_Exercise description_. Among the entries below, find the line with "We design great brands Web Design" and the line with "Higiene femenina lavado". Return exactly those lines and every line between them, but no pictures.

_Task inputs_.
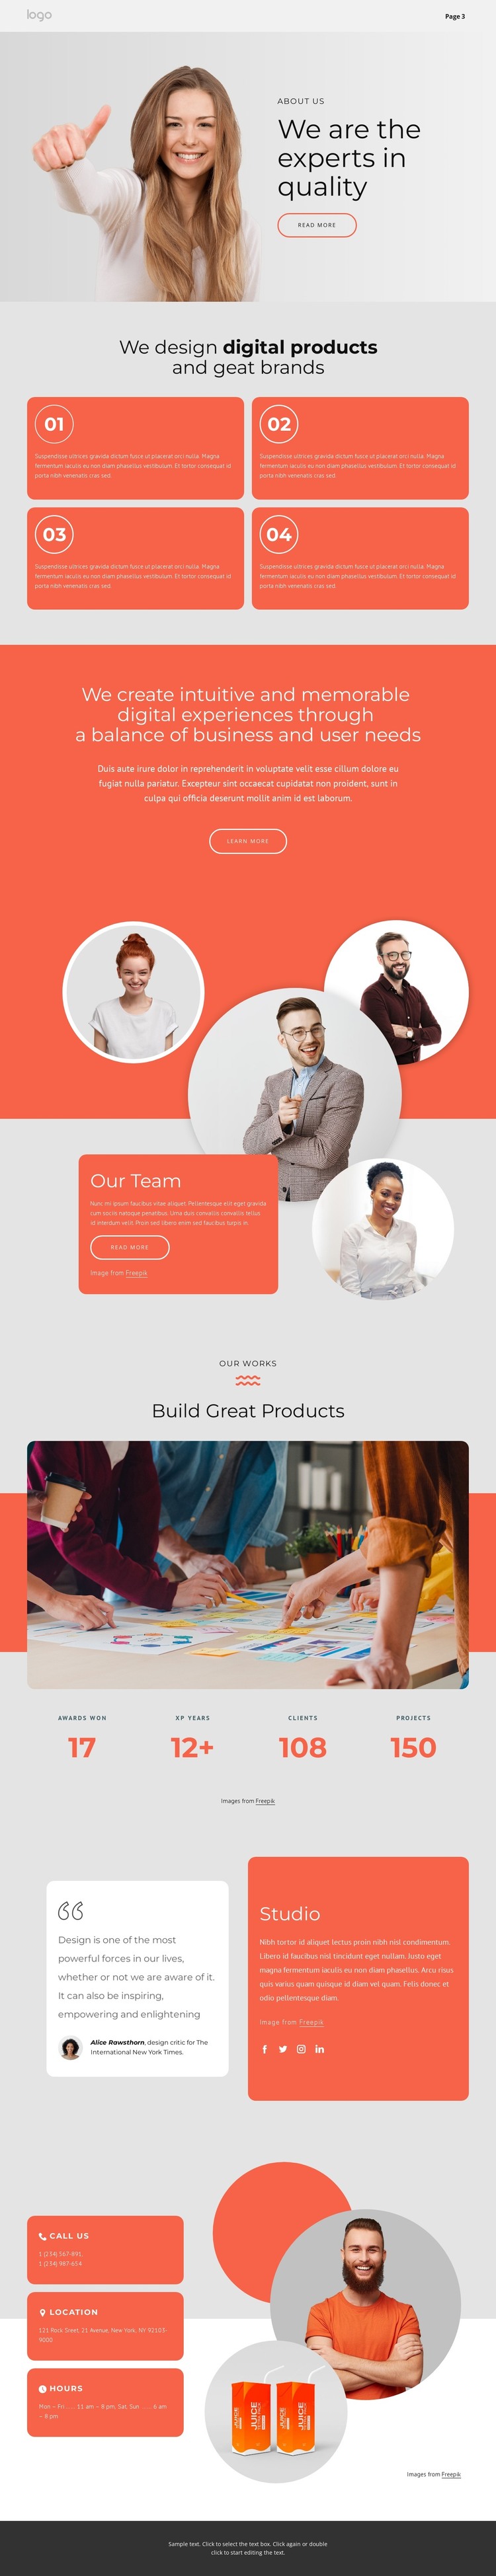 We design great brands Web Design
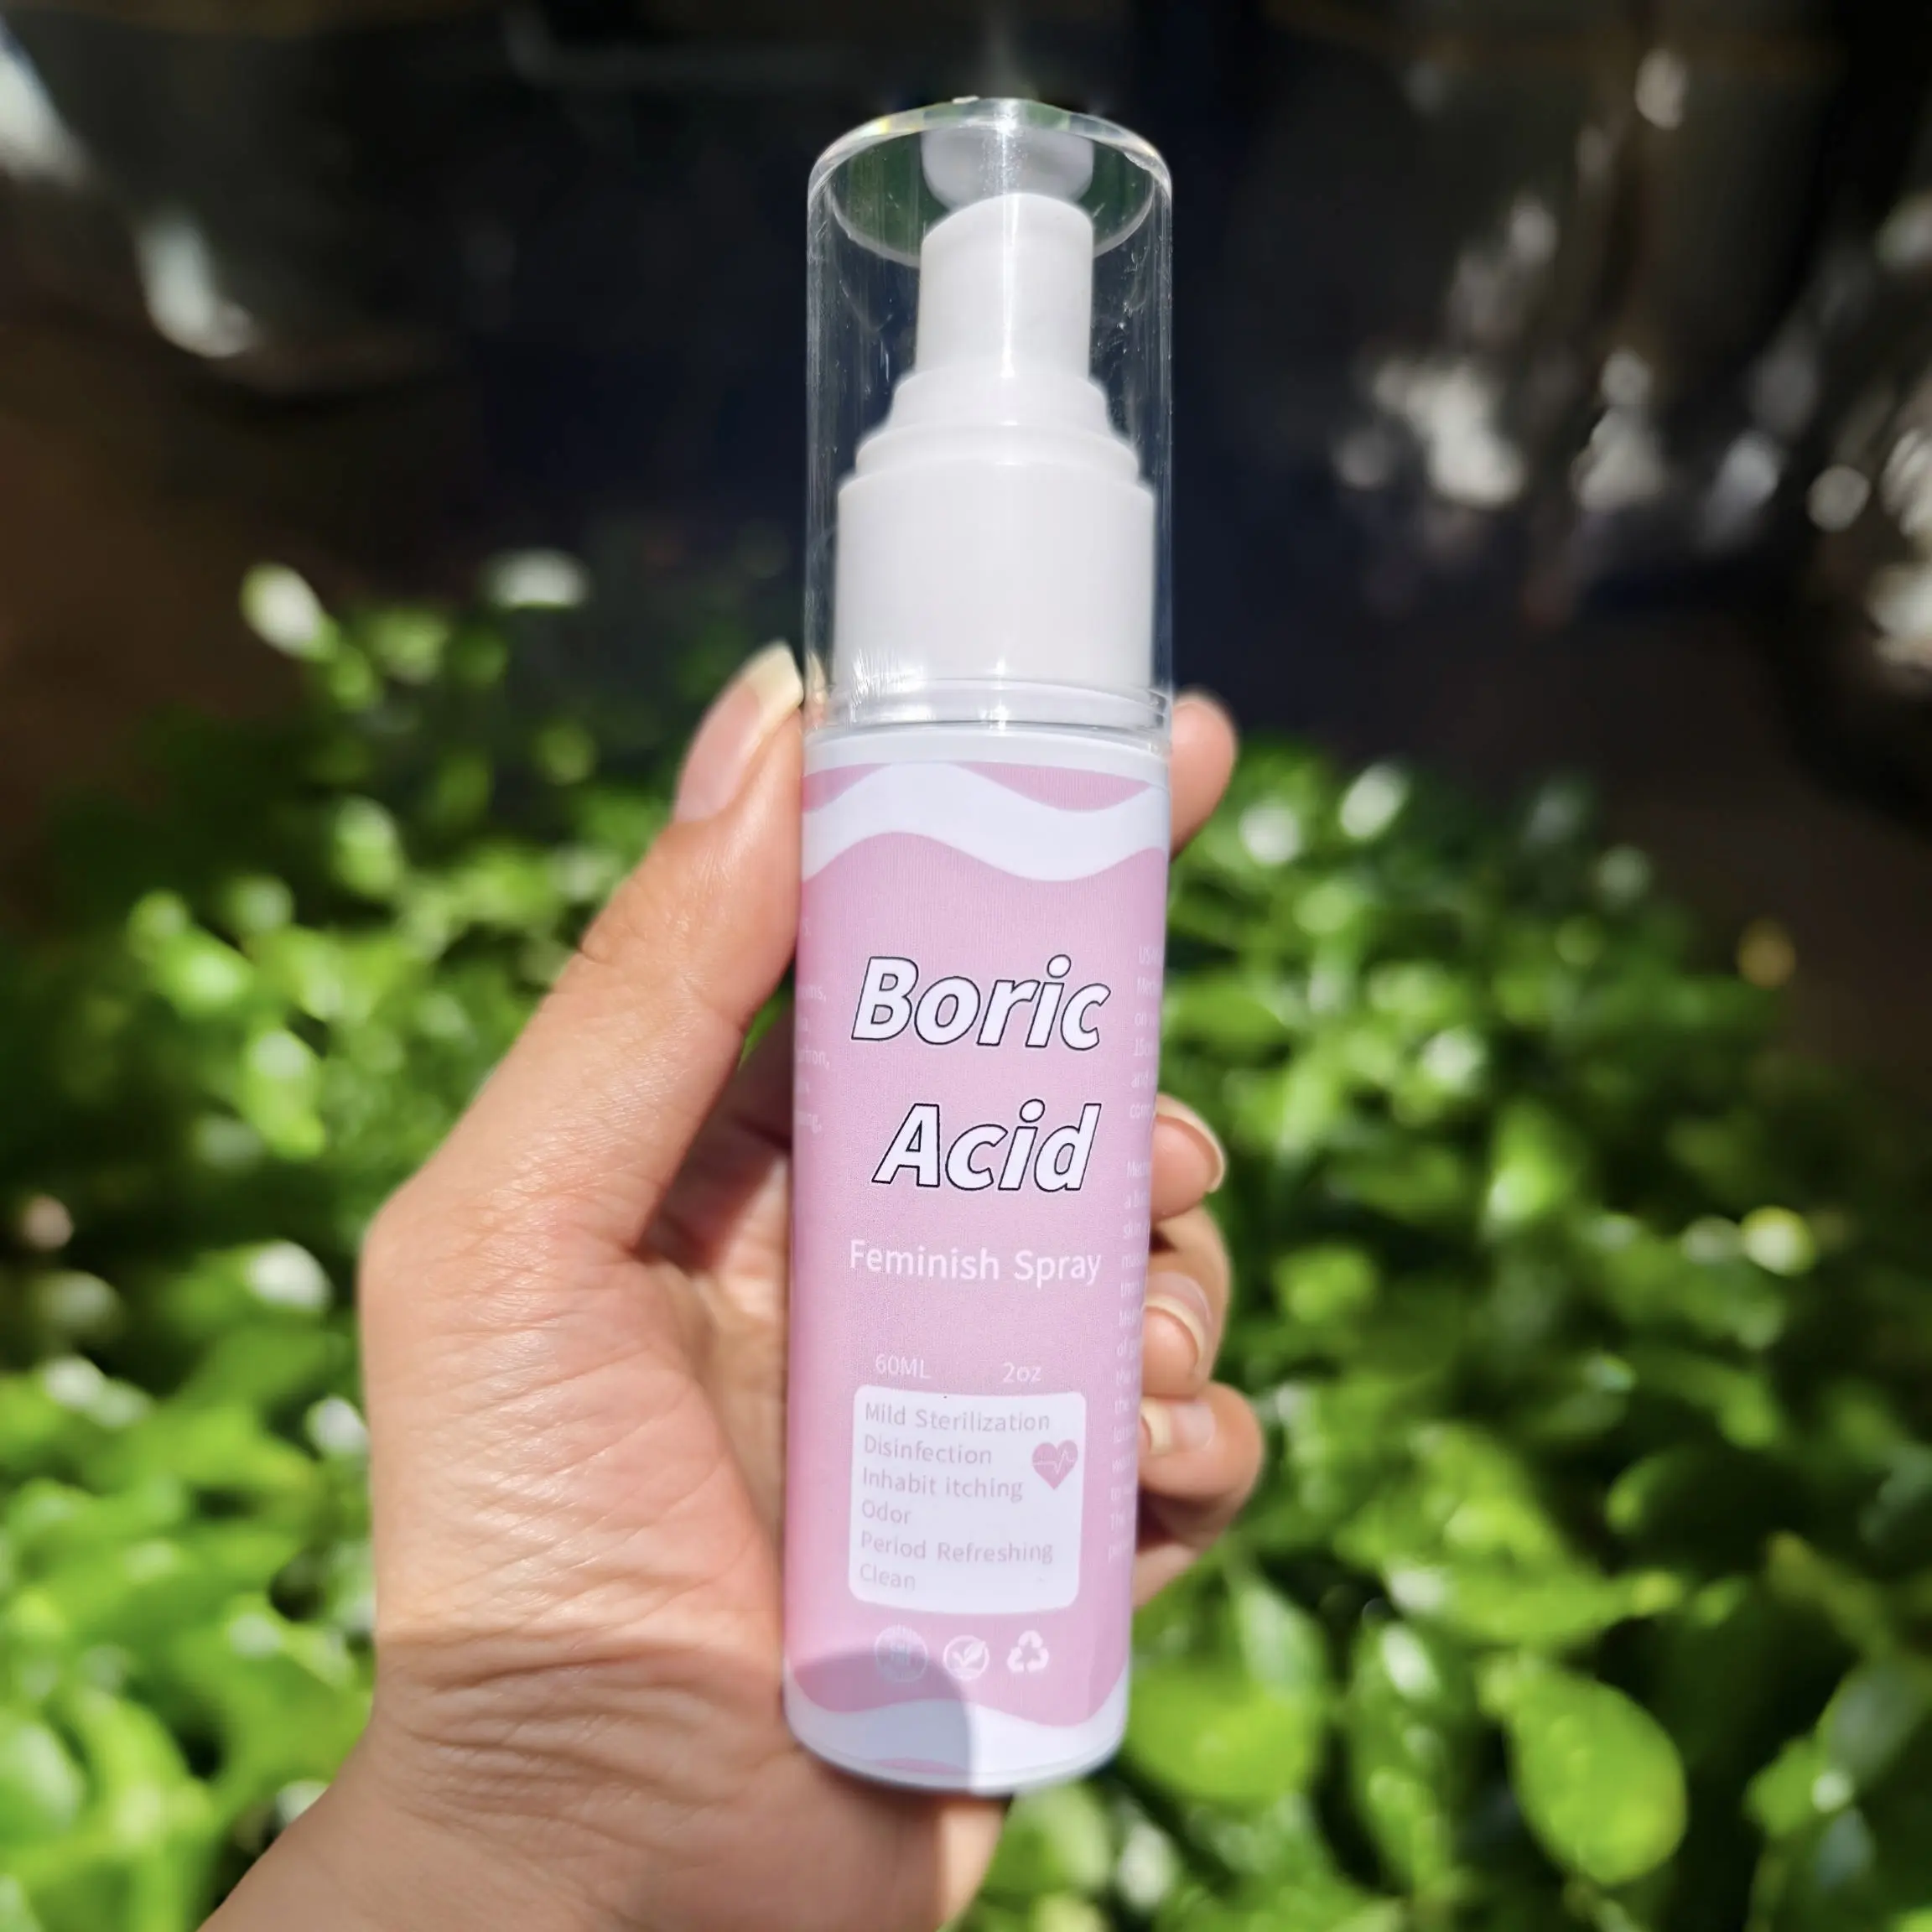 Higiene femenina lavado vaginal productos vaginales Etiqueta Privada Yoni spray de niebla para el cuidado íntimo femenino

--

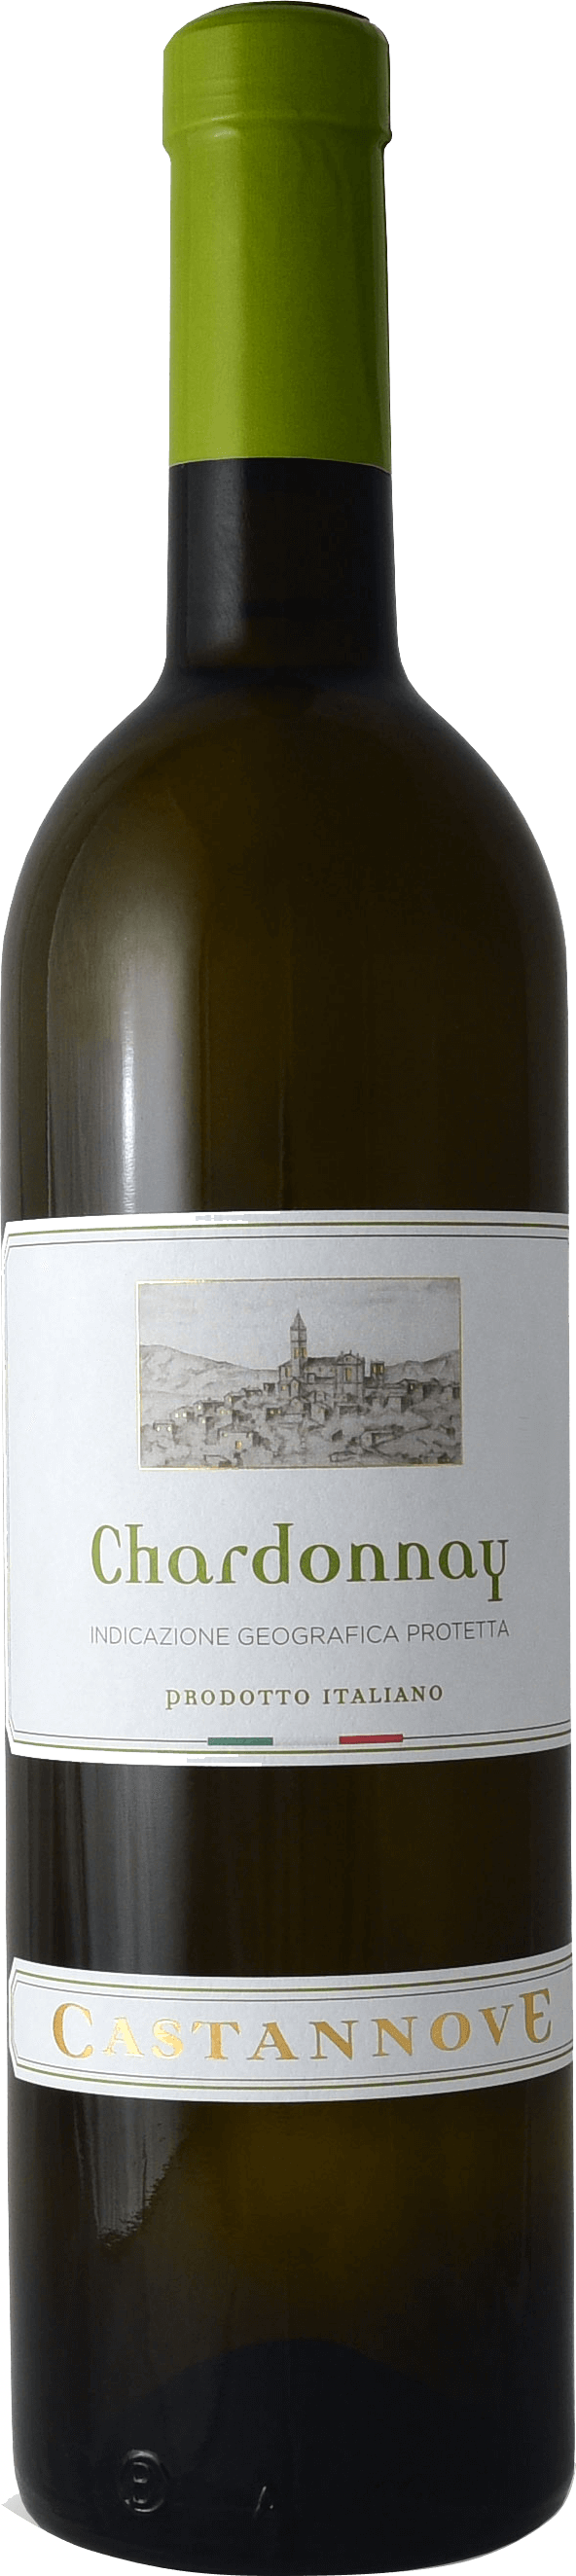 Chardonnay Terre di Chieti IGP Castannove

_Answer below_.
 We design great brands Web Design
 Higiene femenina lavado vaginal productos vaginales Etiqueta Privada Yoni spray de niebla para el cuidado íntimo femenino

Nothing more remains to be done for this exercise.